One trick to constructing an effective indoor training space is  to find the right material in which to throw the  hammer. It has to be flexible enough so that the implement does not rebound back at the thrower, but sturdy enough to withstand a lot of abuse.  Luckily, Jerry’s former putter Eric Werskey spent a lot of time in Germany over the past couple of years and was able to obtain the exact specs for the materials the Germans use in their indoor throwing facilities.  According to Jerry, “they  throw the hammer into strips of  PVC vinyl, one quarter inch thick (see photo below). You hang the strips so that they overlap and you can throw a hammer into it and it will only deflect maybe a foot and a half.”  The Michigan space will use that exact grade of PVC.

While many coaches working in a northern climate would be thrilled for their athletes to have the ability to launch hammers and discs into a net all winter, the new facility will allow Jerry to take cold weather training a step further.  If you are a true throws geek, you have likely seen this video of Robert Harting:

He is throwing from an indoor ring through a large open doorway onto an outdoor grass field. Here is another view of a similar facility:

Notice how misty/rainy/crappy the weather looks outside. Kind of like a typical day in the Midwest between November and March.  But with a setup like this, who cares? Your athletes can throw from a dry, covered ring and still know how far their attempts are traveling, which is a distinct advantage over throwing into a net.

Here is a closeup look at the end of the field house where Jerry’s rings will be located:

Two of those rings will be like the ones in those videos, where the athletes will be able to throw from inside the field house onto…

…these outdoor throwing fields.

What makes the Michigan facility potentially better than the German training centers will be the ability to throw the javelin from indoors to out as well. Notice on those blueprints that an extended straightaway from the practice track ends just short of the throwing rings. Jav throwers will be able to use that section of the track as a runway while launching the spear out onto the grass.

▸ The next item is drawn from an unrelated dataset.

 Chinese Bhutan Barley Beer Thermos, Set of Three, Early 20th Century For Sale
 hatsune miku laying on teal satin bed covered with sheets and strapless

One more aspect of the Michigan facility bears mention, though it does not pertain strictly to the throws.

As much as I love the sport of track and field, I  think I can speak for most coaches, athletes and fans when I say that sometimes meets, especially indoor meets, can drag on a bit too long, A lot too long when you have a field of elite pole vaulters.

Jerry has sought to remedy that situation by setting up his new facility so that not only can the weight, shot, and  high jump be run concurrently, but so can two long jump and two (Thank you, Jesus!) pole vault runways.

The facility is set to open in January, 2018, with a quad featuring Michigan, Notre Dame, Ohio State and Michigan State. Jerry predicts that meet can be completed in two hours.

He is also trying to put together a Big 10 v. ACC challenge featuring at least nine teams, which he believes will take no more than five hours, start to finish.

And speaking of making track and field more fan-friendly, Jerry also designed the new facility to allow live streaming of practices and competitions.

“I made sure they put the conduit in, and also put in  locations for cameras, with a toggle switch in a control room so you can cover the meet live.  The parents will be able to sit at home and watch. That’s the direction that track needs to go. We need to get it out to more alumni, fans and parents. We will have to purchase the cameras later, but when we do the facility will be ready for it.”

Whatever they end up calling this new athletic complex, kudos to Jerry for envisioning a cutting-edge venue that will provide a great track and field experience for coaches, athletes, and spectators.

And kudos to the Michigan administration for hiring a coach with vast experience in his sport and then trusting his advice.

Maybe they should call it the Palace of Miracles.